Der Islam hat in der Schweiz laut der Volkszählung aus dem Jahr 2012 rund 328‘000 Anhänger,[1] andere Angaben gehen 2007 von über 440'000 Muslimen in der Schweiz aus (5,8 % Anteil in der Gesamtbevölkerung).[2] Die meisten von ihnen sind seit Mitte des 20. Jahrhunderts aus dem ehemaligen Jugoslawien und der Türkei eingewandert. Der Islam ist damit nach dem Christentum die zweitgrösste Religionsgemeinschaft in der Schweiz.
Die Geschichte des Islams in der heutigen Schweiz ist älter als die Eidgenossenschaft an sich. Sie beginnt im 10. Jahrhundert, als Muslime vorübergehend das Hochburgund beziehungsweise die heutige Schweiz erreichten.[3][4]

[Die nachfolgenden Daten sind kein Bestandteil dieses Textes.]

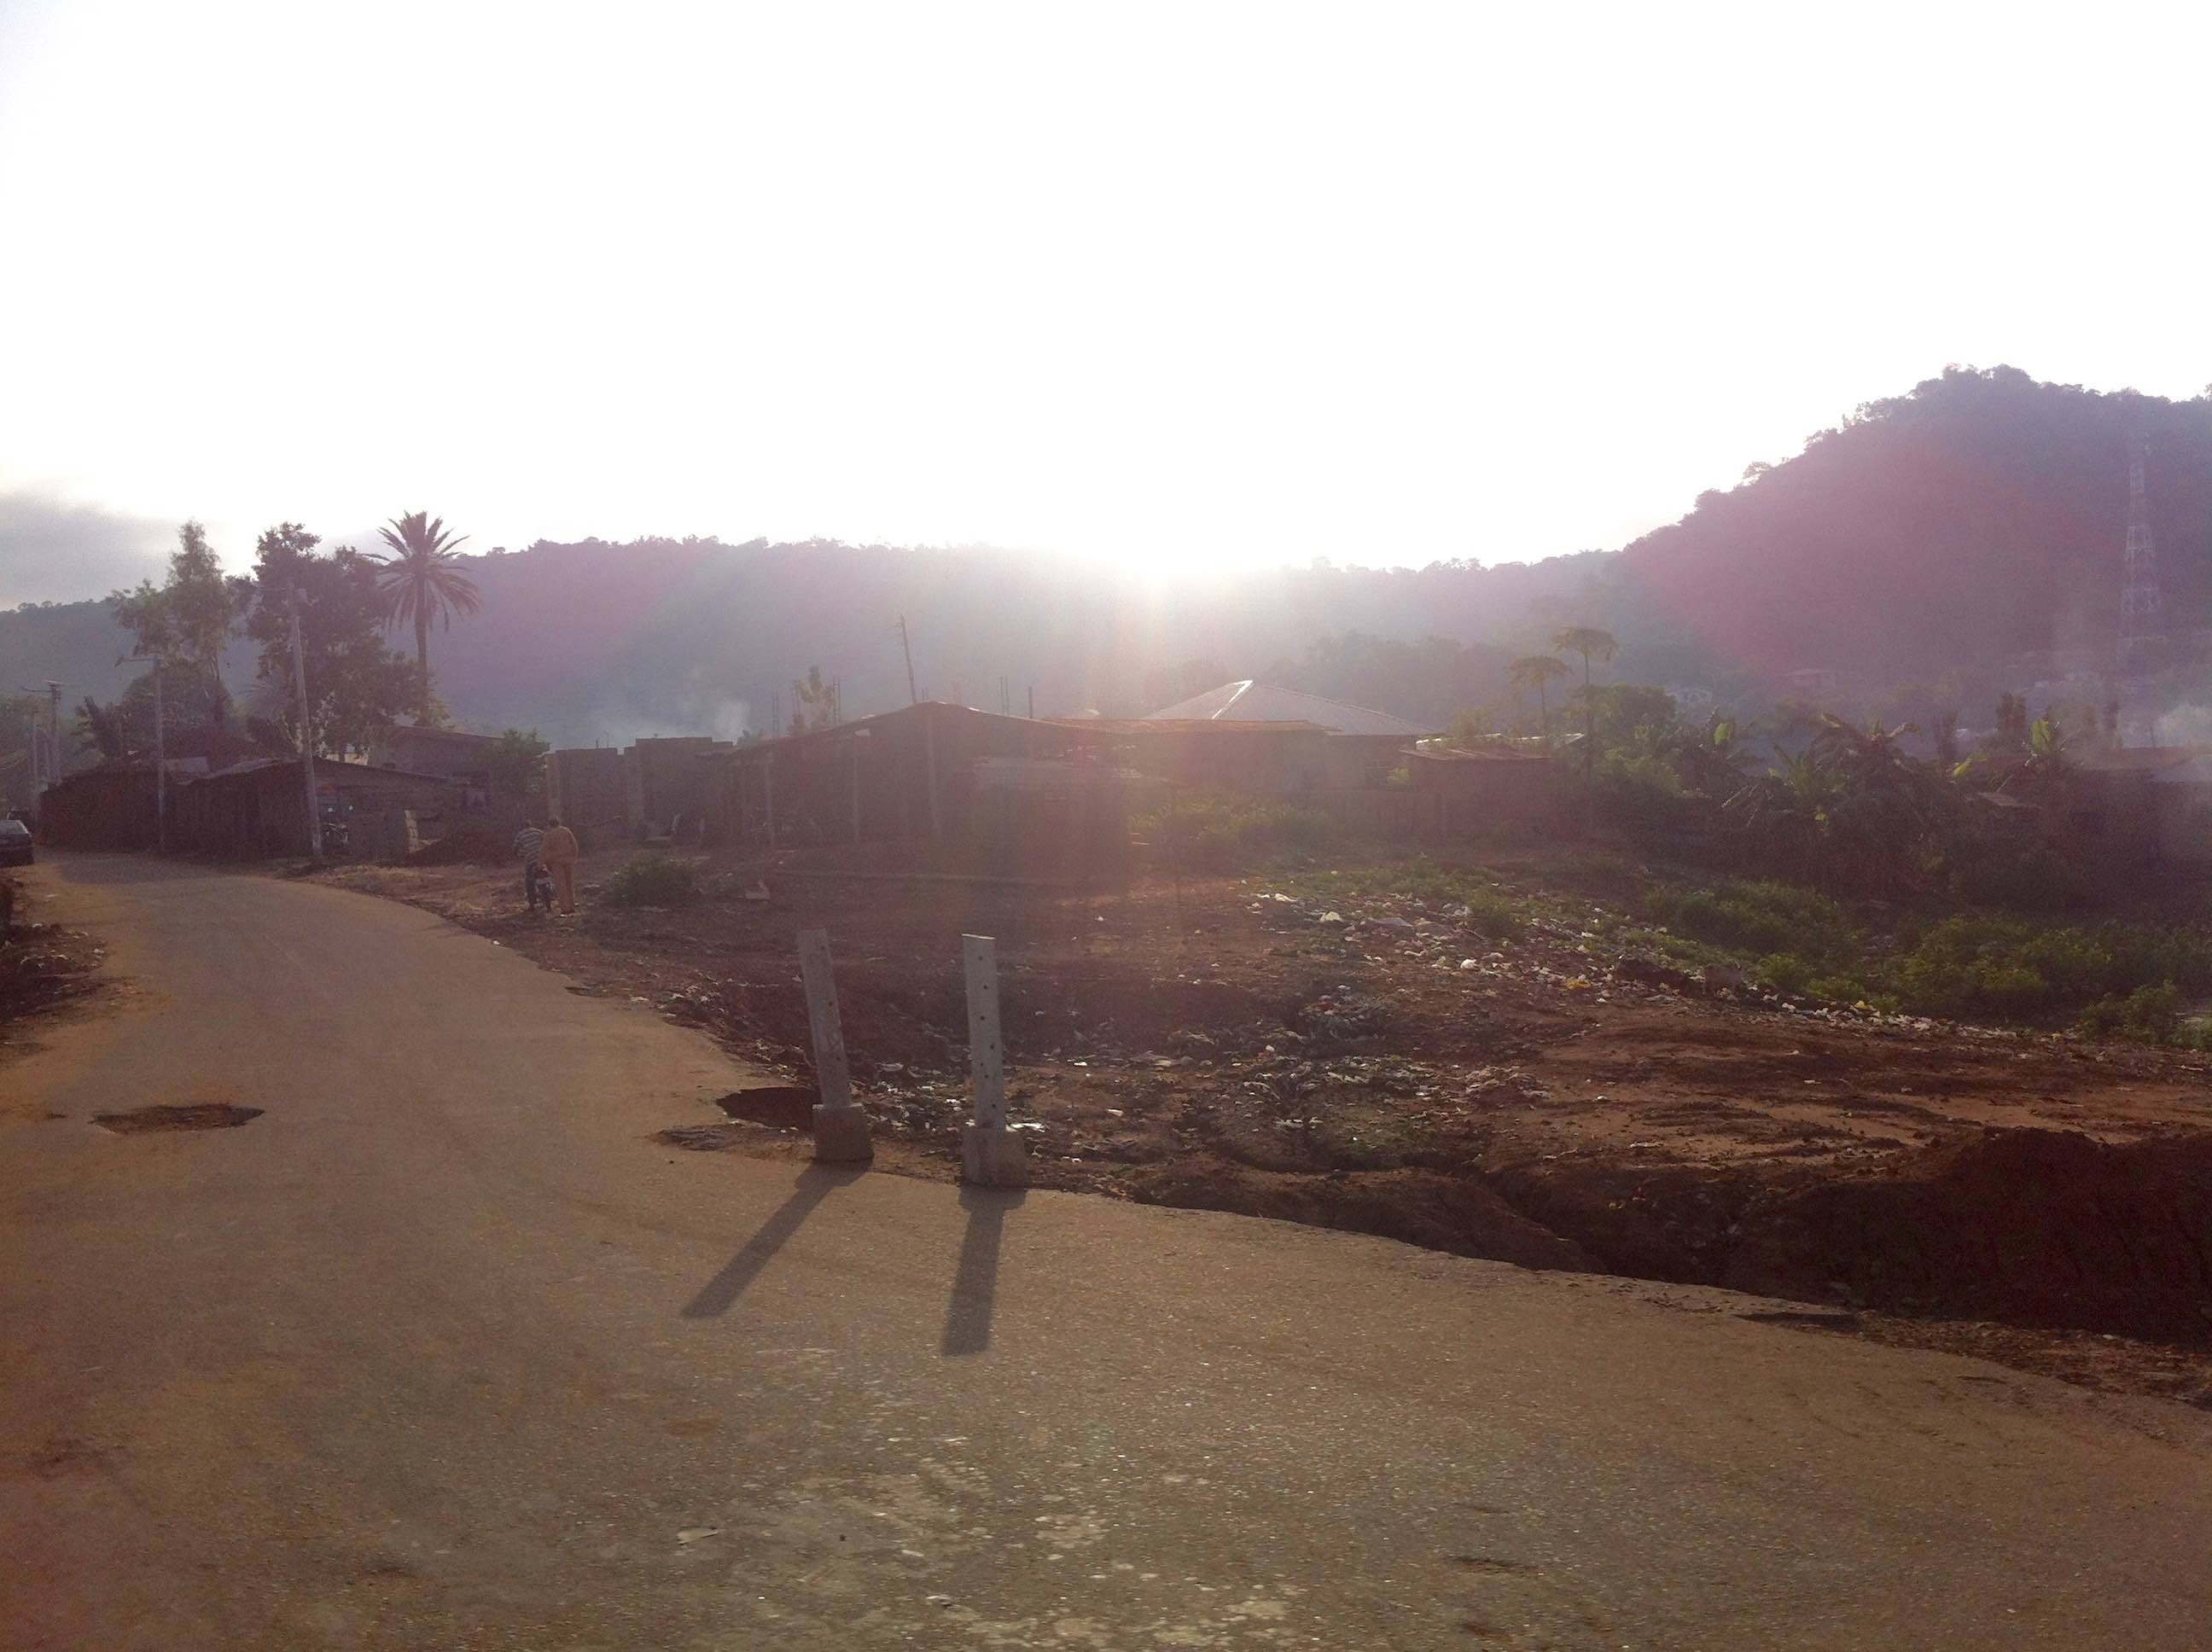 Sunrise in Koton-Karifi, Kogi, Nigeria. #JujuFilms

Aus dem südfranzösischen Fraxinetum (Provence) vorstossende Araber -auch als Sarazenen bezeichnet- eroberten 939 Genf. Sie beherrschten in den folgenden Jahren das Wallis, Teile Graubündens und der Ostschweiz. Zwischen 952 und 960 beherrschten die Araber nach der Schlacht bei Orbe weite Teile im Süden und Westen der Schweiz einschliesslich des Grossen St. Bernhard-Passes[5] und stiessen im Nordosten ebenfalls bis St. Gallen vor, im Südosten bis Pontresina.[6] Die arabischen Überfälle («Razzien») wurden mit der Eroberung des Brückenkopfs Fraxinetum durch provencialische Truppen um 975 beendet. Etymologische Ableitungen einiger Walliser Ortsnamen von arabischen Bezeichnungen werden derzeit von der linguistischen Forschung abgelehnt.[4] Siedlungsspuren der Sarazenen im schweizerischen Alpenraum wurden bis jetzt ebenfalls nicht entdeckt.[4]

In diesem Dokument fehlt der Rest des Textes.